I’m not sure what all of you have been taught about the Holocaust, but my teachers always considered it a vital subject for students to learn, so that it never happens again. Knowledge is power and inaction is just as bad as villainy, right? Unfortunately, it is clear that anti-Semitic sentiment is present in our nation which is supposed to embrace faith of all kinds.
A few weeks ago in the Midwood section of Brooklyn, three cars were torched and the words “fuck the Jews”, “KKK” and “SS” were drawn on benches to mark the anniversary of Hitler’s Kristallnacht, or Night of Broken Glass.
Quick synopsis: November 9 and 10, 1938 in Nazi Germany and parts of Austria — the Nazis destroyed synagogues, shops, and entire towns to terrorize the Jews. Seventy-three years later to the day, neo-Nazis in Brooklyn were making sure that Jews fear for their lives. Several Jewish residents in this neighborhood are Holocaust survivors, and this incident produced flashbacks to the inhumanity and cruelty they suffered.
Jewish students at universities across the country have fallen victim to odious behavior too, in the past decade. In fact, in 2006, the U.S. Commission on Civil Rights released a study that documented an alarmingly high rate of anti-Semitism on college campuses.
Six years later, we don’t have to look far for evidence of hatred. According to Brooklyn police, there were beer bottles lying all over the ground near the site of the vandalism, and one detective said it “looks like they had a party.” This anti-Semitic party, fueled by historical knowledge (creepy!) resulted in thick black smoke pouring from the torched cars. The vandals woke up several horrified residents on the block in the middle of the night. It is clear that Corona bottles and detailed knowledge of the Holocaust make for a terrifyingly ironic combination.

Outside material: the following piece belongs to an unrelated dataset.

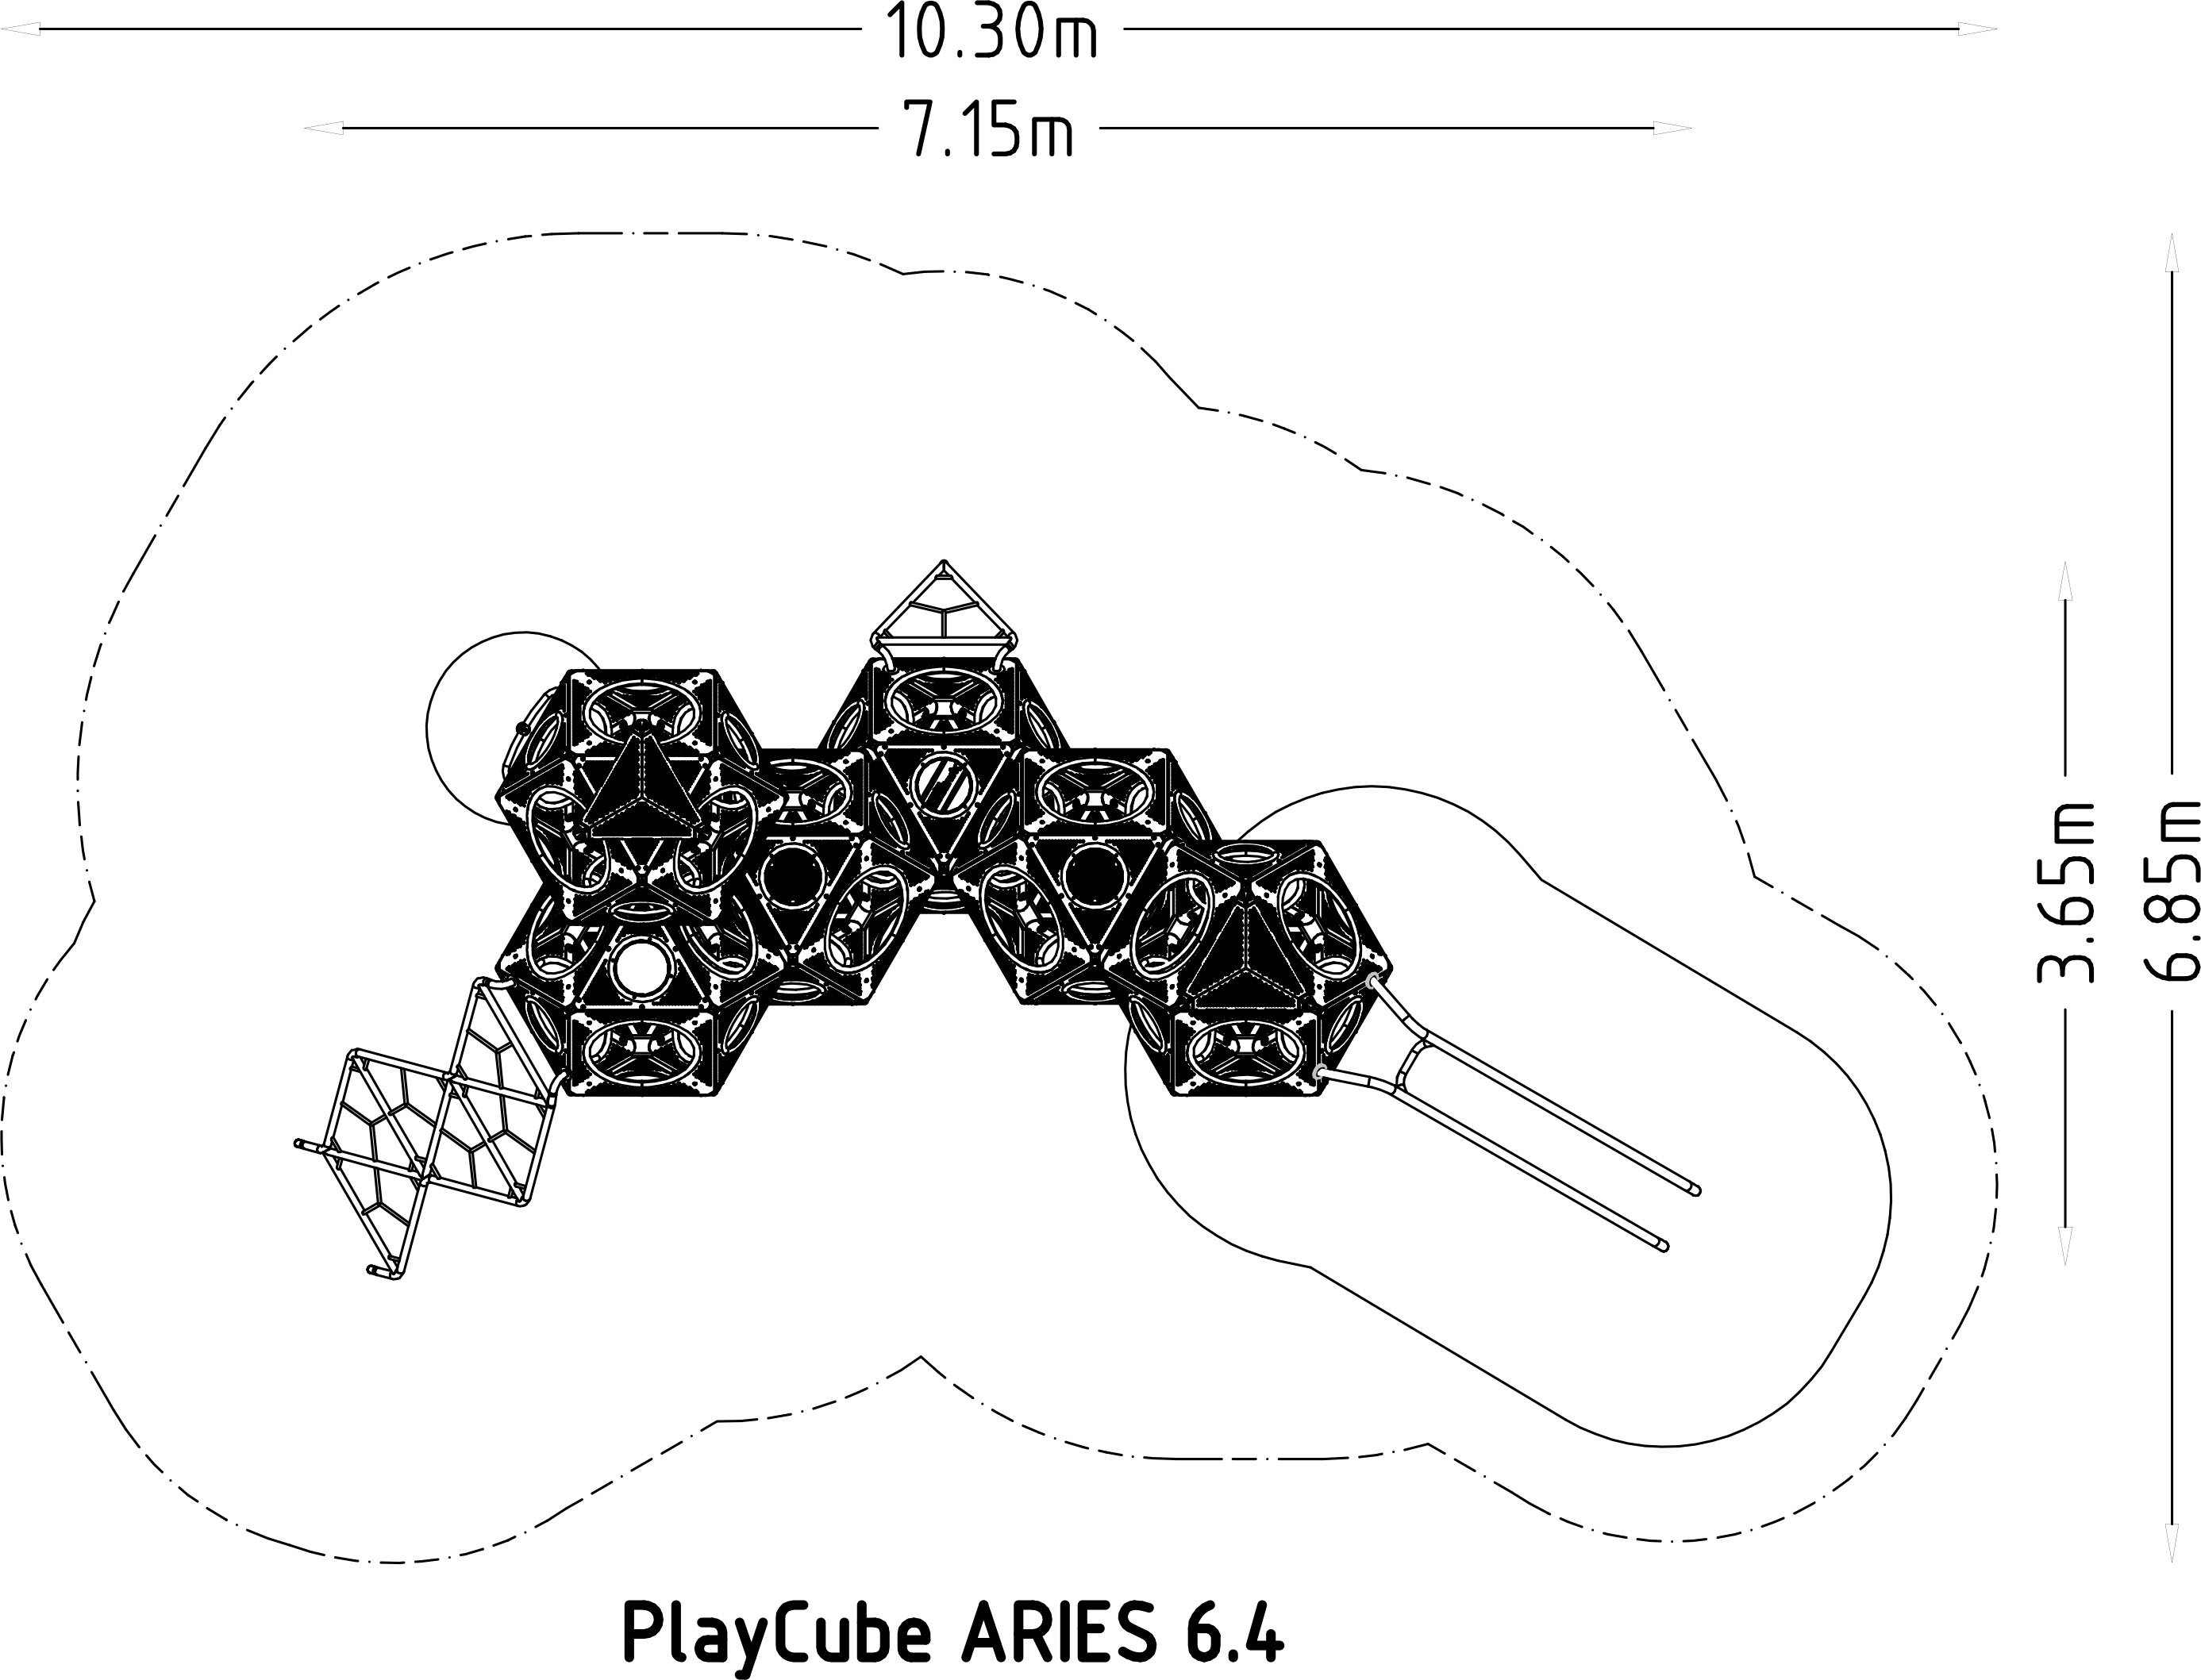 PlayCubes Aries 6.4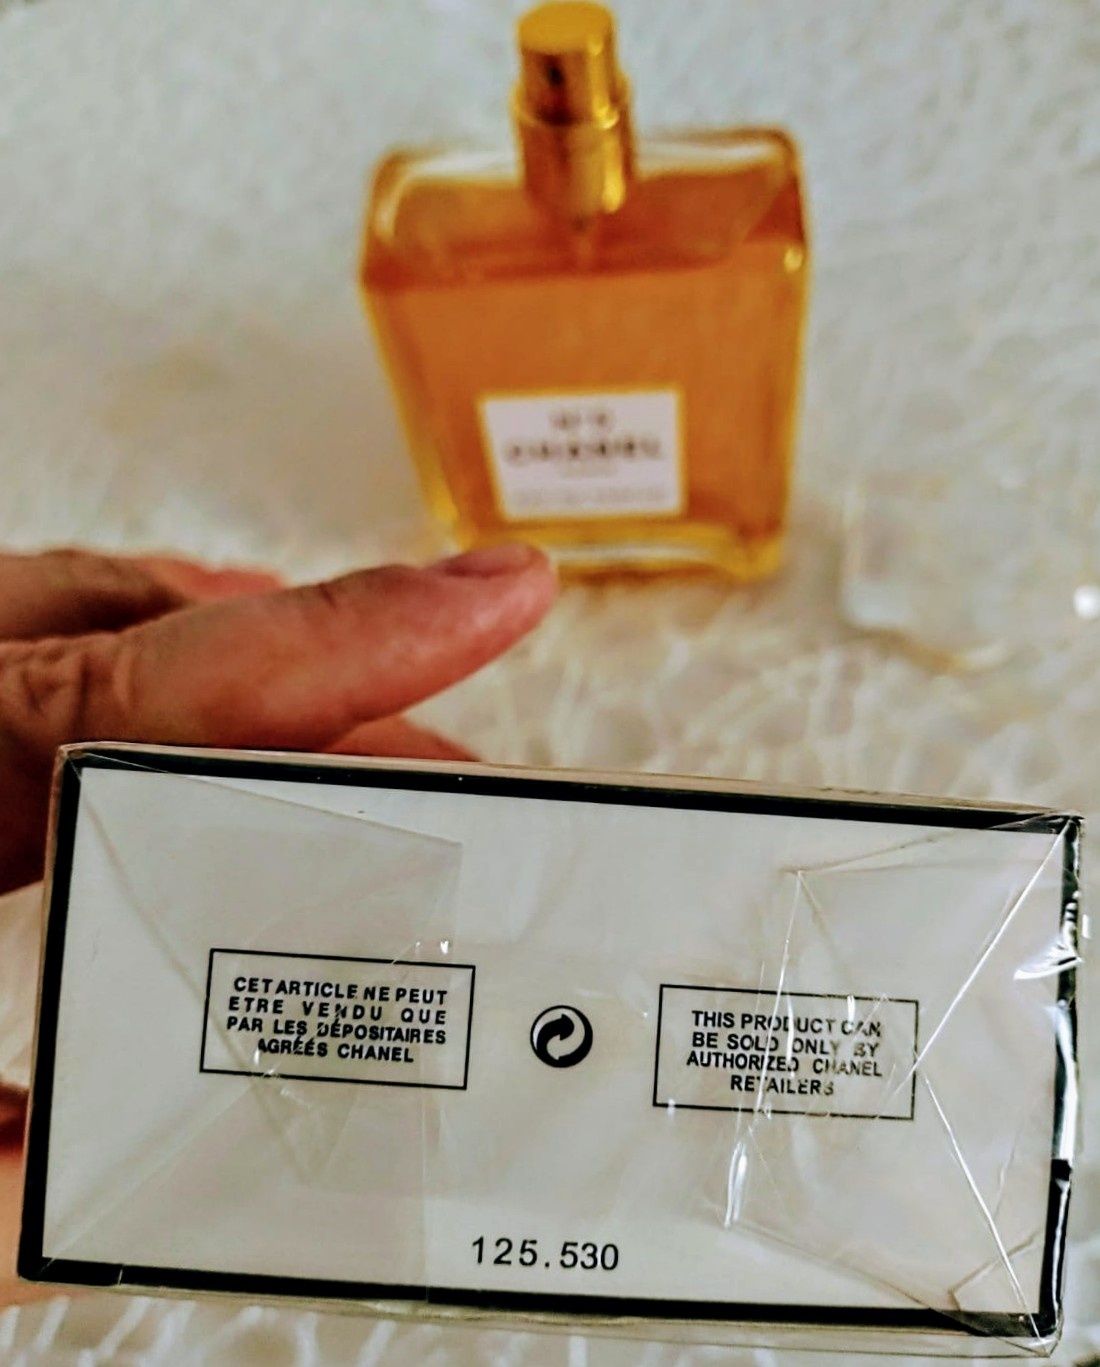 Parfum Femei Coco Chanel nr. 5

Following the violence, state and city elected officials and Jewish leaders marched in Midwood on Sunday, November 13 to rally for tolerance, acceptance and better security in their neighborhood. But the hatred continues. Just last week, someone defaced the Avenue J subway stop in the neighborhood, adding the letter “EW” to make a sign read “Avenue Jew.” Police are still looking for the perpetrator.